The nucleus of every helium atom contains two protons, but, as is the case with all elements, isotopes of helium exist. The known isotopes of helium contain from one to six neutrons, so their mass numbers range from three to eight. Of these six isotopes, only those with mass numbers of three (helium-3, or 3He) and four (helium-4, or 4He) are stable; all the others are radioactive, decaying very rapidly into other substances. The helium that is present on Earth is not a primordial component but has been generated by radioactive decay. Alpha particles, ejected from the nuclei of heavier radioactive substances, are nuclei of the isotope helium-4. Helium does not accumulate in large quantities in the atmosphere because Earth’s gravity is not sufficient to prevent its gradual escape into space. The trace of the isotope helium-3 on Earth is attributable to the negative beta decay of the rare hydrogen-3 isotope (tritium). Helium-4 is by far the most plentiful of the stable isotopes: helium-4 atoms outnumber those of helium-3 about 700,000:1 in atmospheric helium and about 7,000,000:1 in certain helium-bearing minerals.

Properties

Helium-4 is unique in having two liquid forms. The normal liquid form is called helium I and exists at temperatures from its boiling point of 4.21 K (−268.9 °C) down to about 2.18 K (−271 °C). Below 2.18 K, thermal conductivity of helium-4 becomes more than 1,000 times greater than that of copper. This liquid form is called helium II to distinguish it from normal liquid helium I. Helium II exhibits the property called superfluidity: its viscosity, or resistance to flow, is so low that it has not been measured. This liquid spreads in a thin film over the surface of any substance it touches, and this film flows without friction even against the force of gravity. By contrast, the less plentiful helium-3 forms three distinguishable liquid phases of which two are superfluids. Superfluidity in helium-4 was discovered by the Russian physicist Pyotr Leonidovich Kapitsa in the mid-1930s, and the same phenomenon in helium-3 was first observed by Douglas D. Osheroff, David M. Lee, and Robert C. Richardson of the United States in 1972.

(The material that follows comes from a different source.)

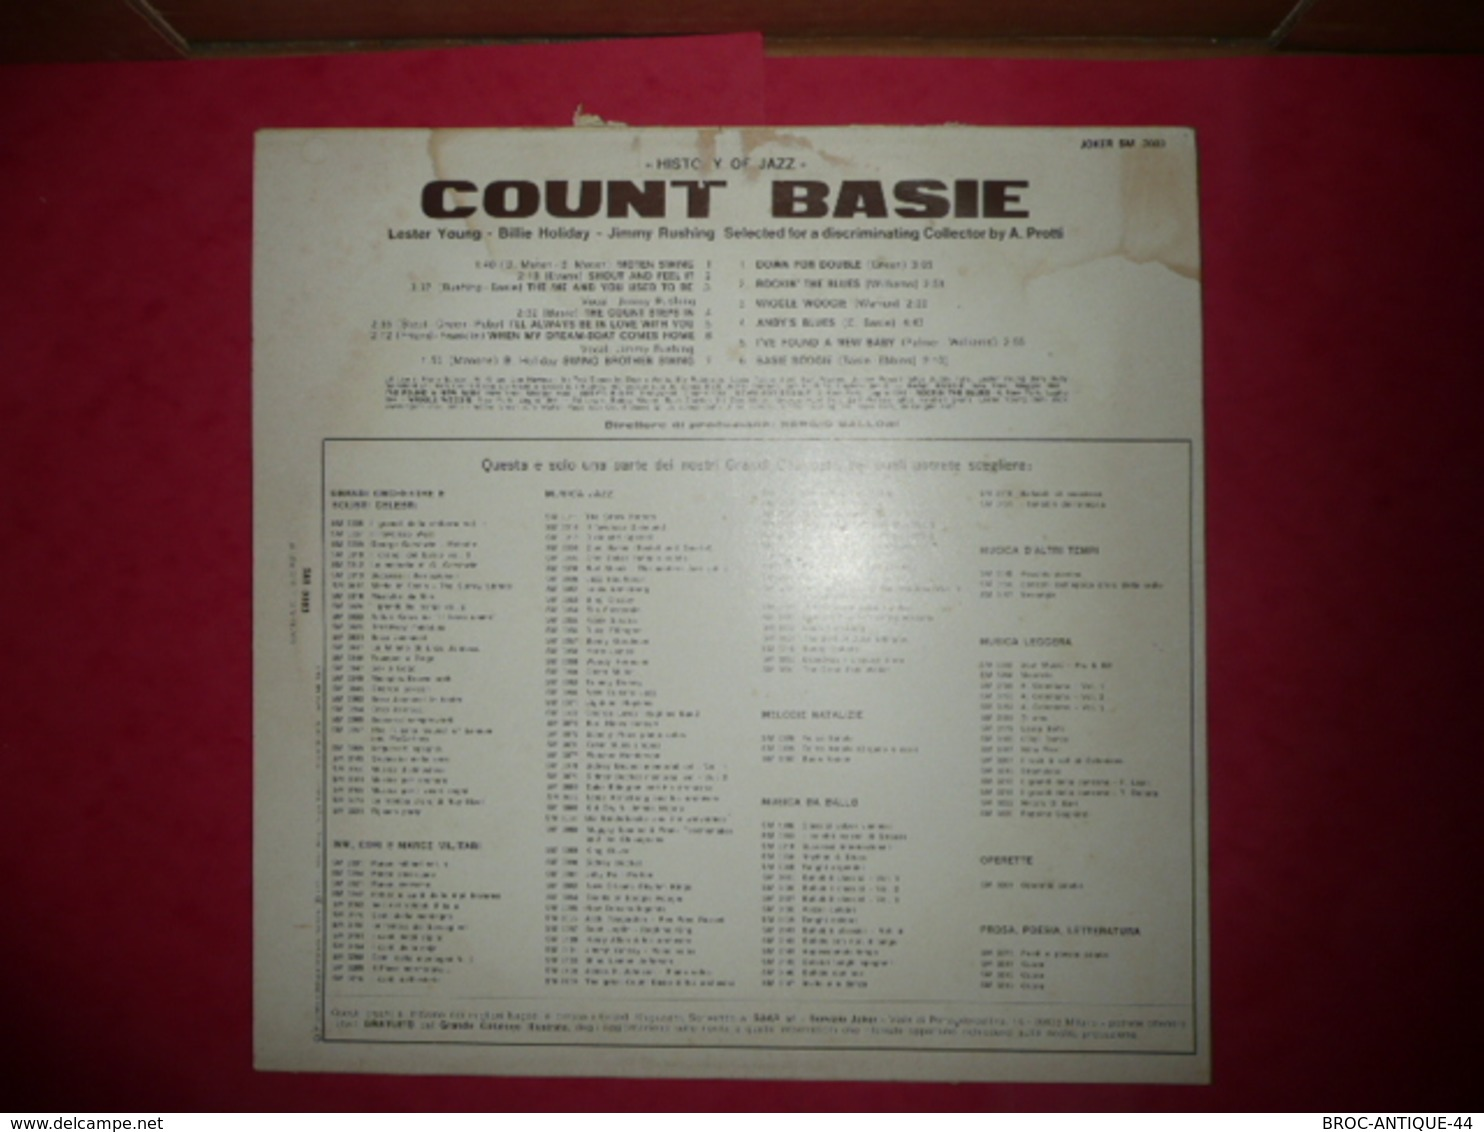 LP33 N°562 - COUNT BASIE AT SAVOY BALLROOM 1937-1944 - COMPILATION 13 TITRES - Jazz
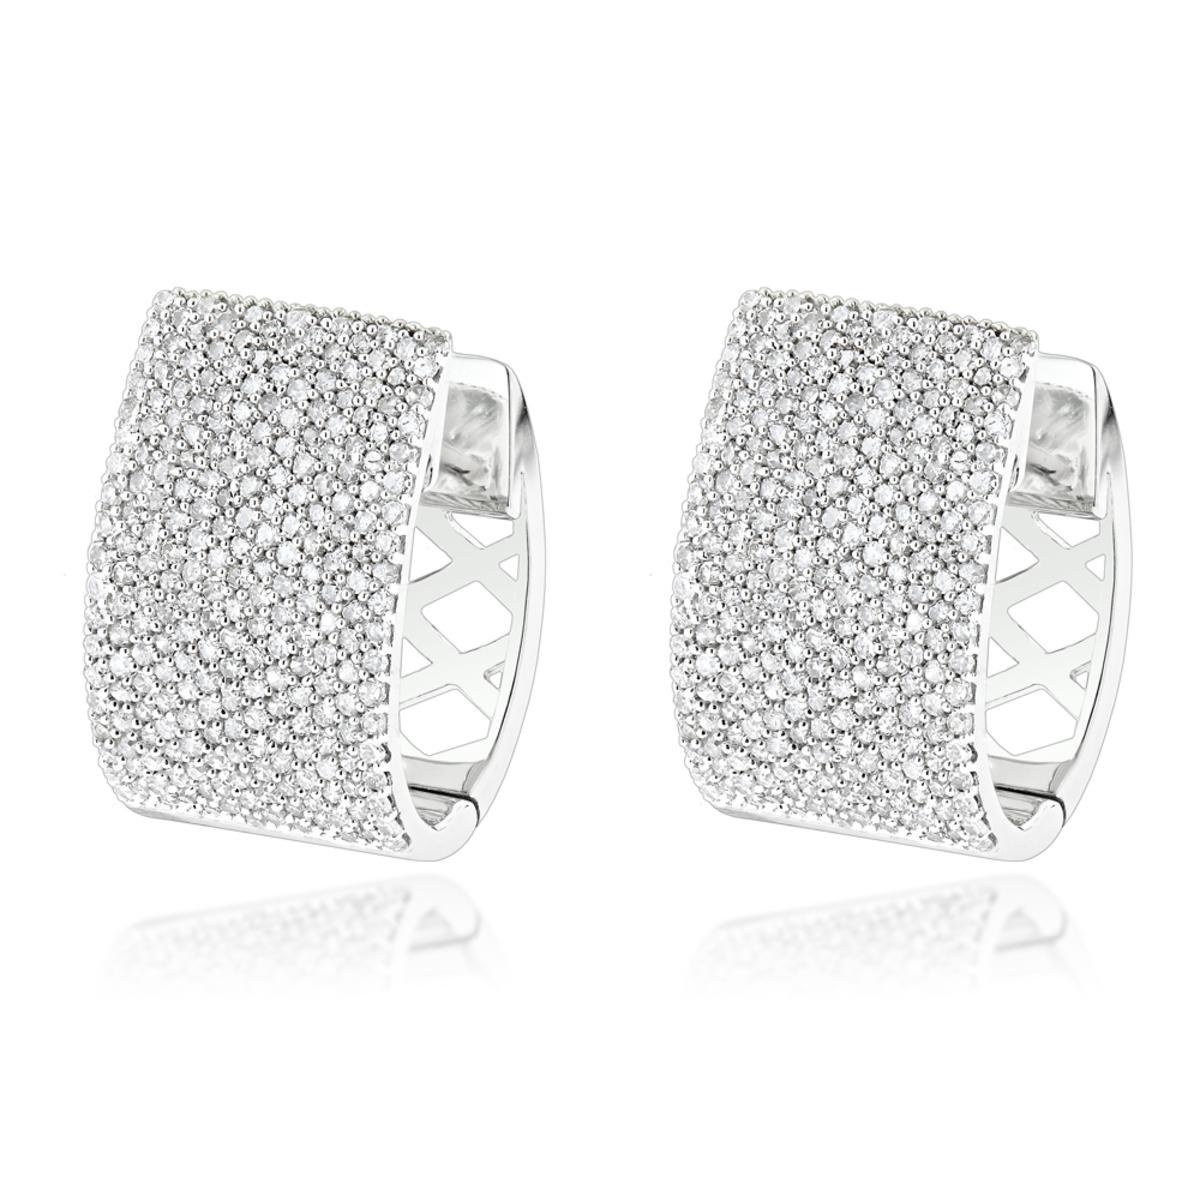 Pave Diamond Earrings for Women 14K Gold 1 Carat Small Wide Hoops

A liquid mixture of the two isotopes helium-3 and helium-4 separates at temperatures below about 0.8 K (−272.4 °C, or −458.2 °F) into two layers. One layer is practically pure helium-3; the other is mostly helium-4 but retains about 6 percent helium-3 even at the lowest temperatures achieved. The dissolution of helium-3 in helium-4 is accompanied by a cooling effect that has been used in the construction of cryostats (devices for production of very low temperatures) that can attain—and maintain for days—temperatures as low as 0.01 K (−273.14 °C, or −459.65 °F).

Production and uses

Helium gas (98.2 percent pure) is isolated from natural gas by liquefying the other components at low temperatures and under high pressures. Adsorption of other gases on cooled, activated charcoal yields 99.995 percent pure helium. Some helium is supplied from liquefaction of air on a large scale; the amount of helium obtainable from 1,000 tons (900 metric tons) of air is about 112 cubic feet (3.17 cubic metres), as measured at room temperature and at normal atmospheric pressure.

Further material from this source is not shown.